● **EXERCISE OBJECTIVE**
Repeat the listing below exactly from the line with "Pavarotti Photo José" through its last line. Skip every picture.
-- Opening Marker --
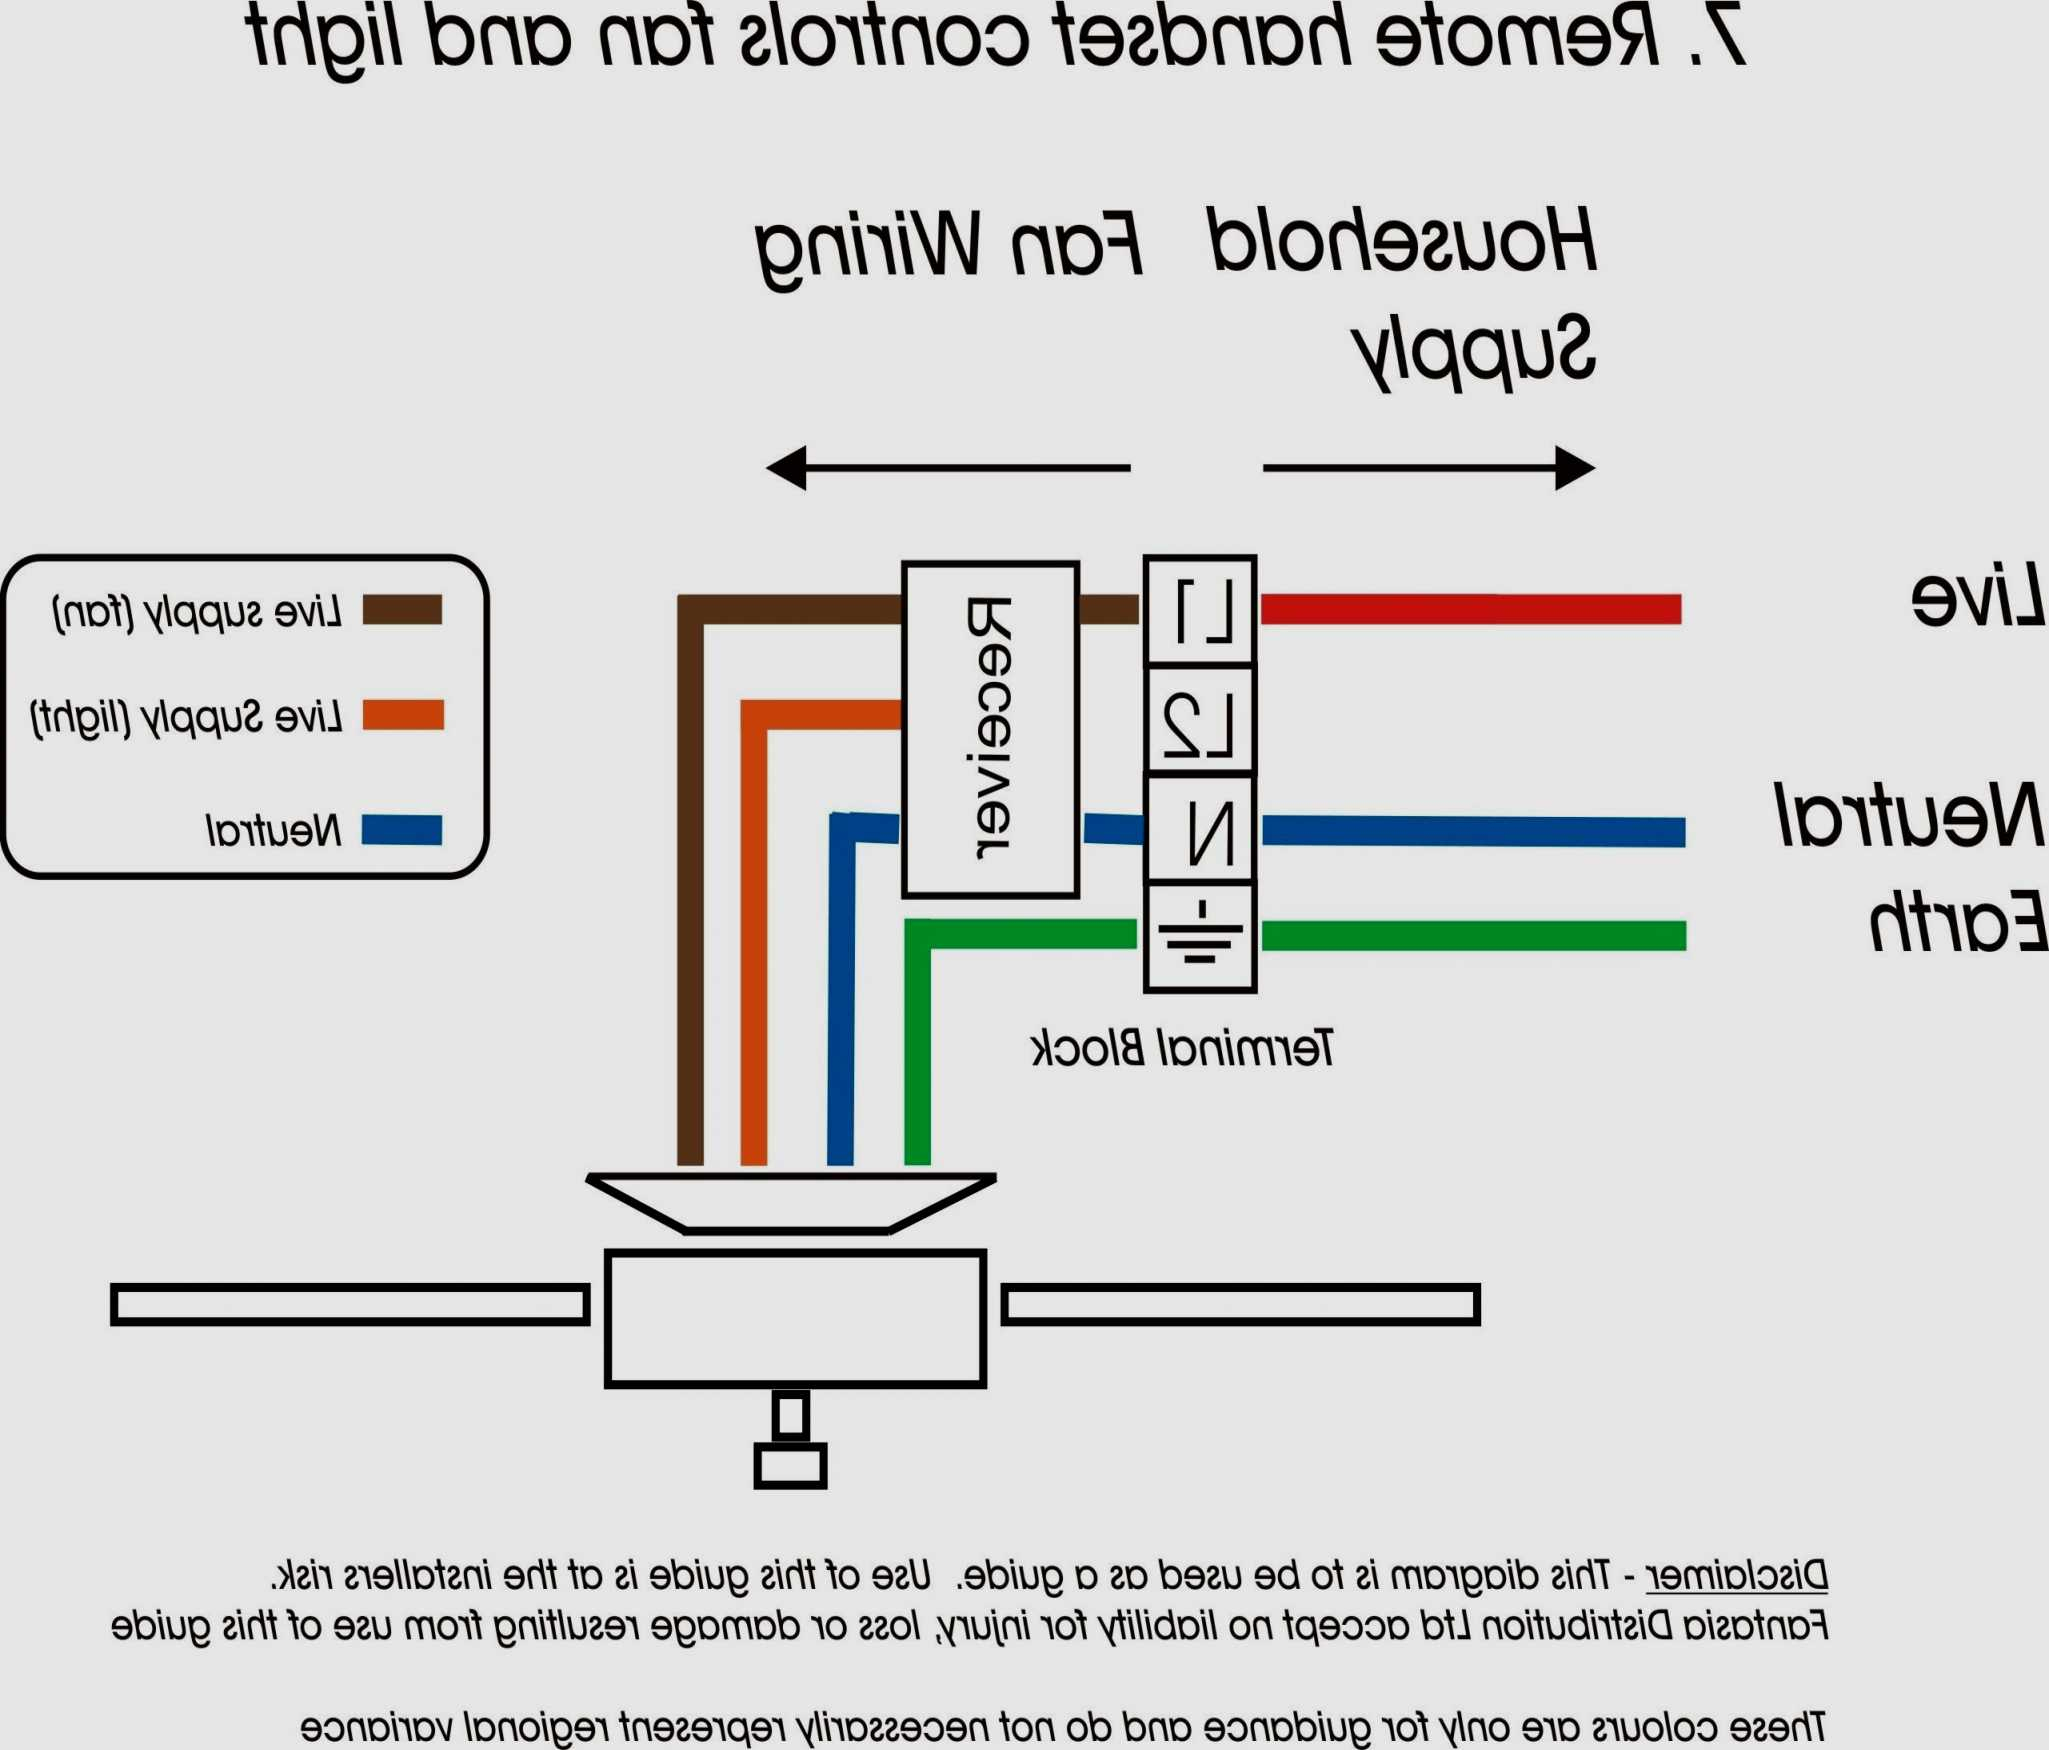 Dryer Plug Wiring Diagram New Electric Dryer Wiring Diagram For 220 - Dryer Plug Wiring Diagram
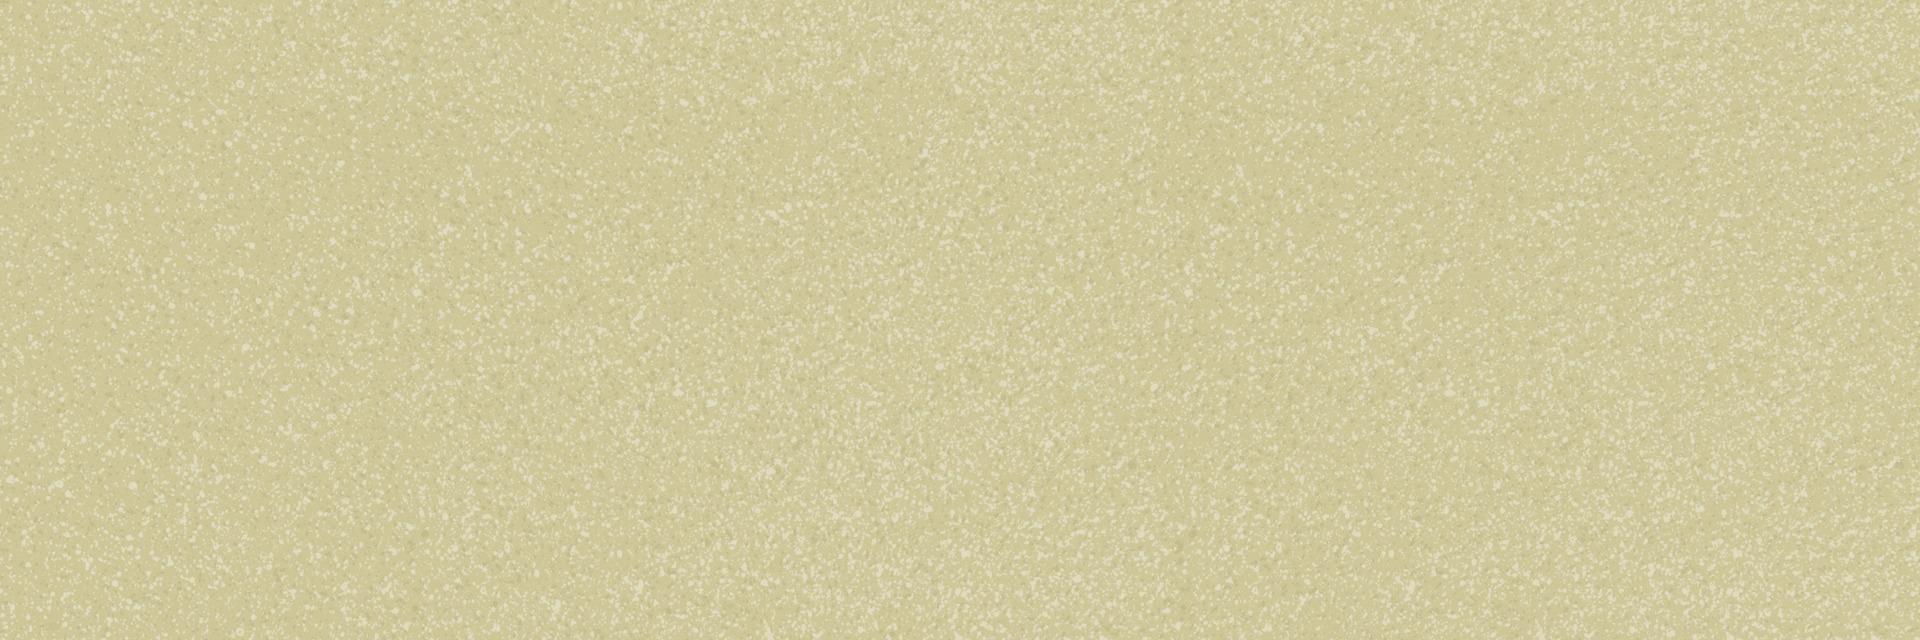 Granalt SNP Crema
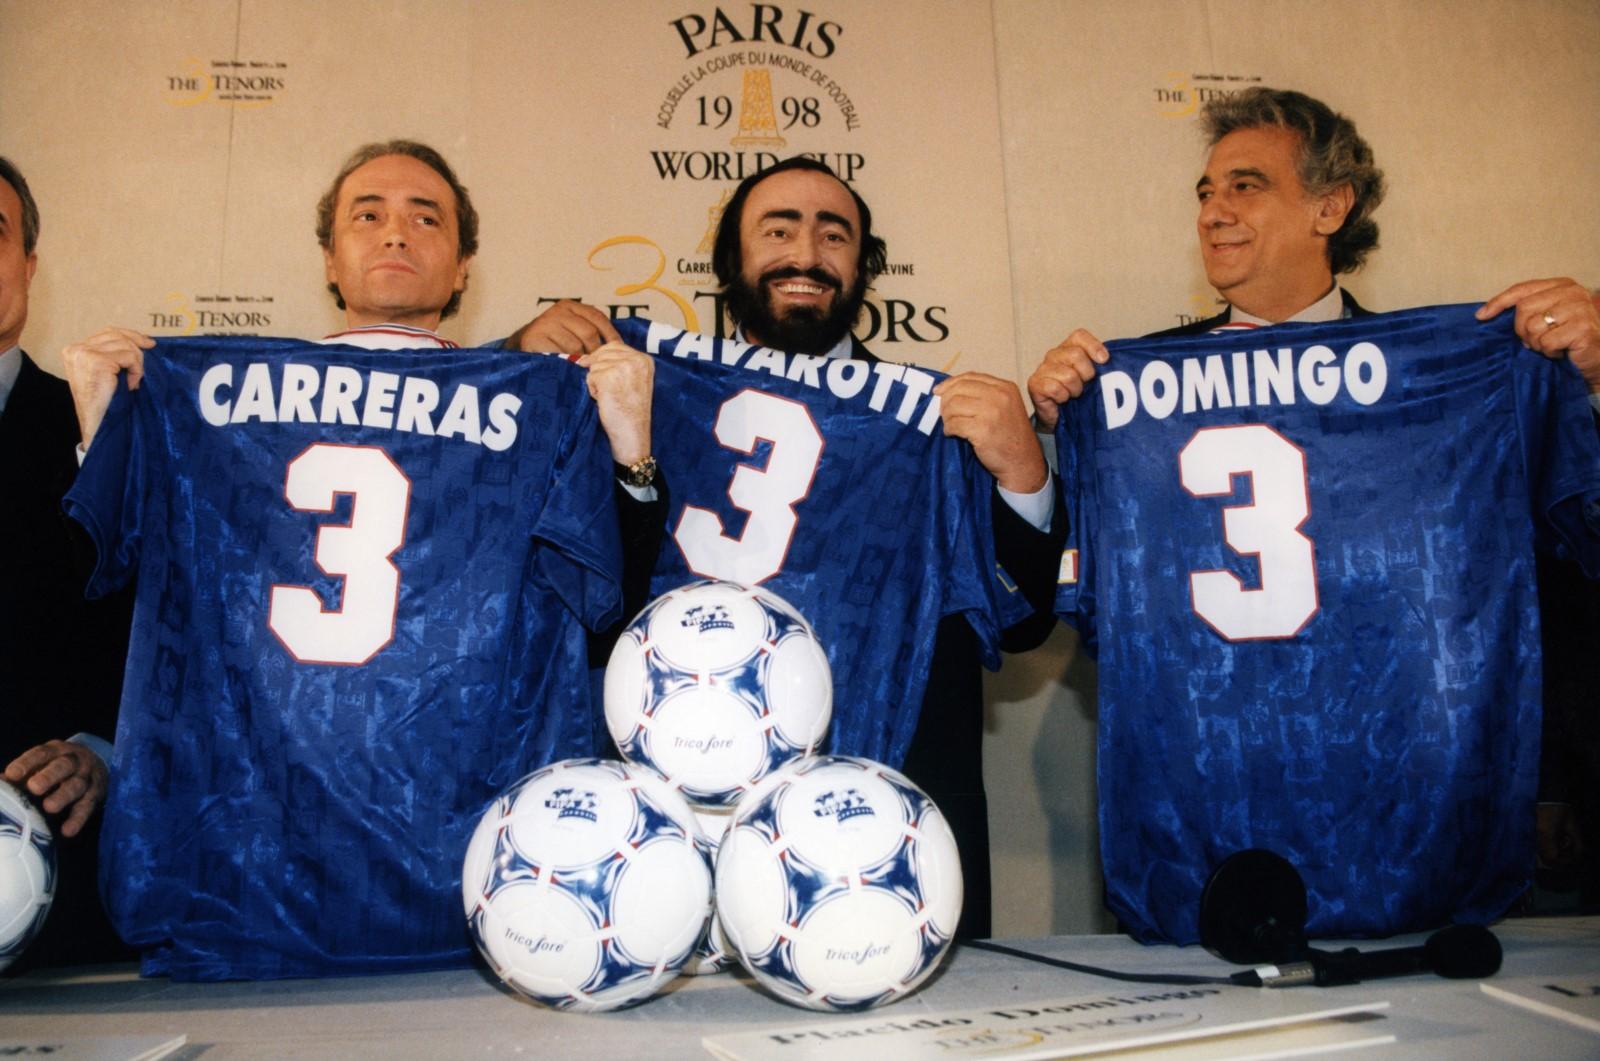 Pavarotti Photo José Carreras, Luciano Pavarotti, Plácido Domingo critique avis
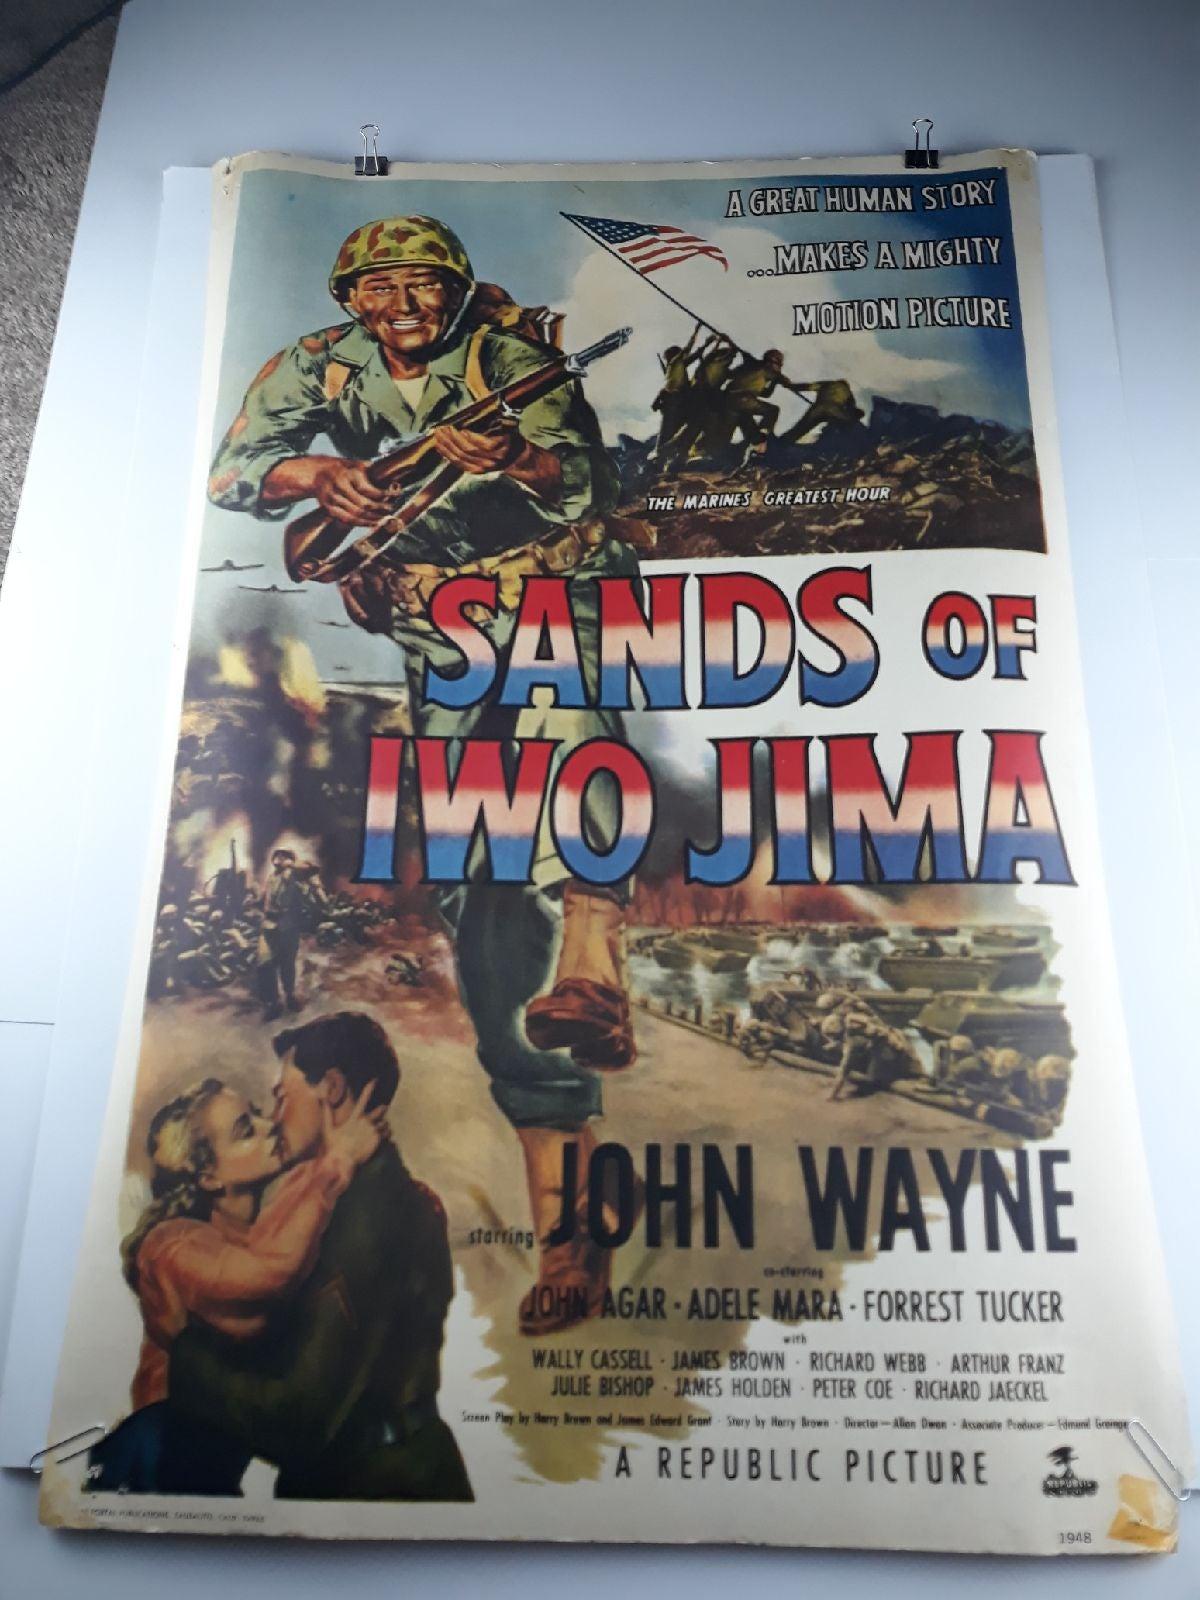 Vintage 1970s Sands of Iwo Jima reprint
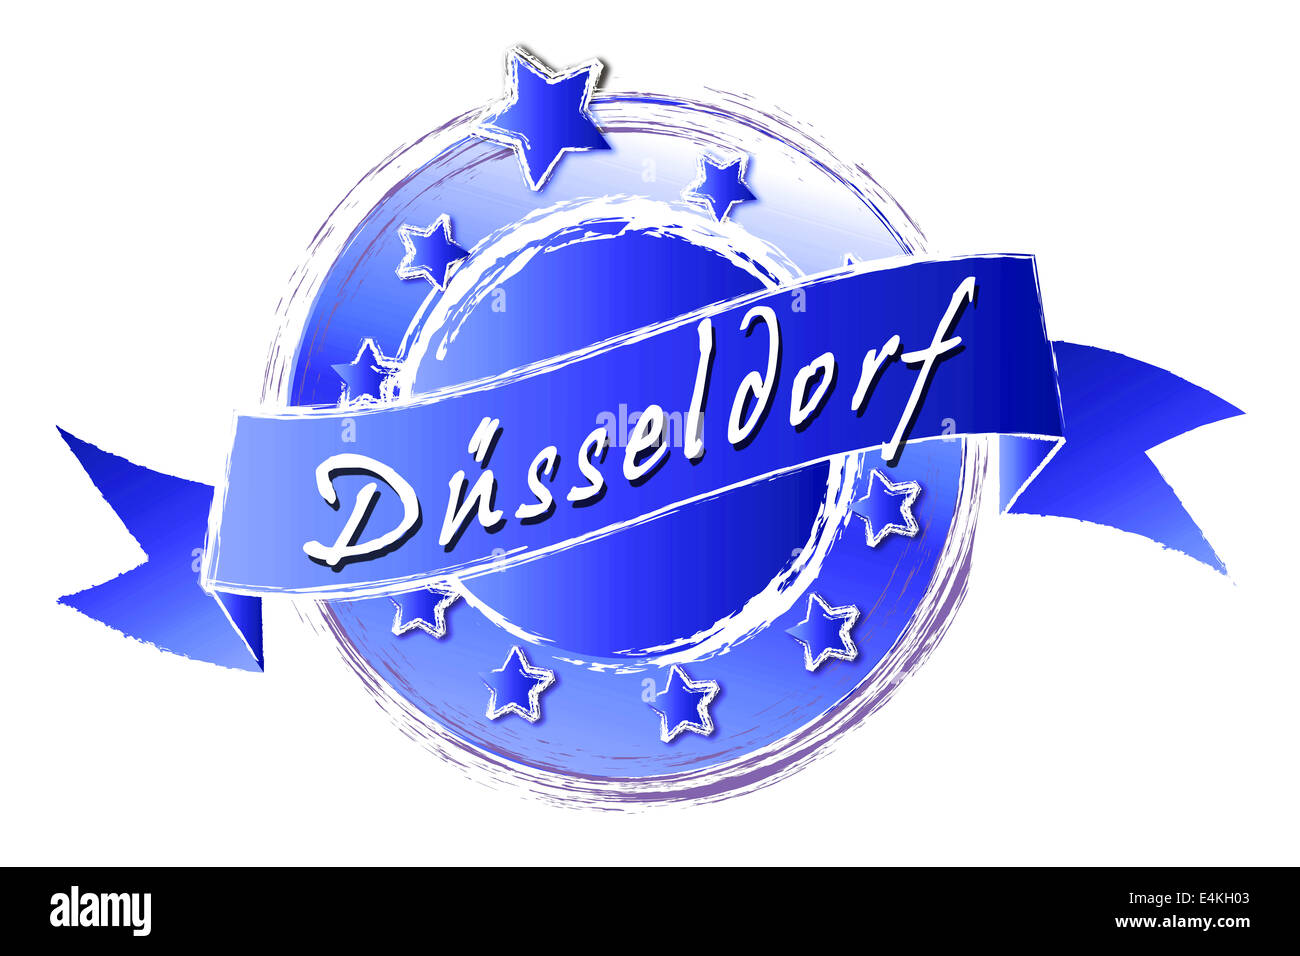 Royal Grunge - DÜSSELDORF - Stock Image
-- Closing Marker --
● **ANSWER TO THIS EXERCISE**
 Pavarotti Photo José Carreras, Luciano Pavarotti, Plácido Domingo critique avis
 Vintage 1970s Sands of Iwo Jima reprint
 Royal Grunge - DÜSSELDORF - Stock Image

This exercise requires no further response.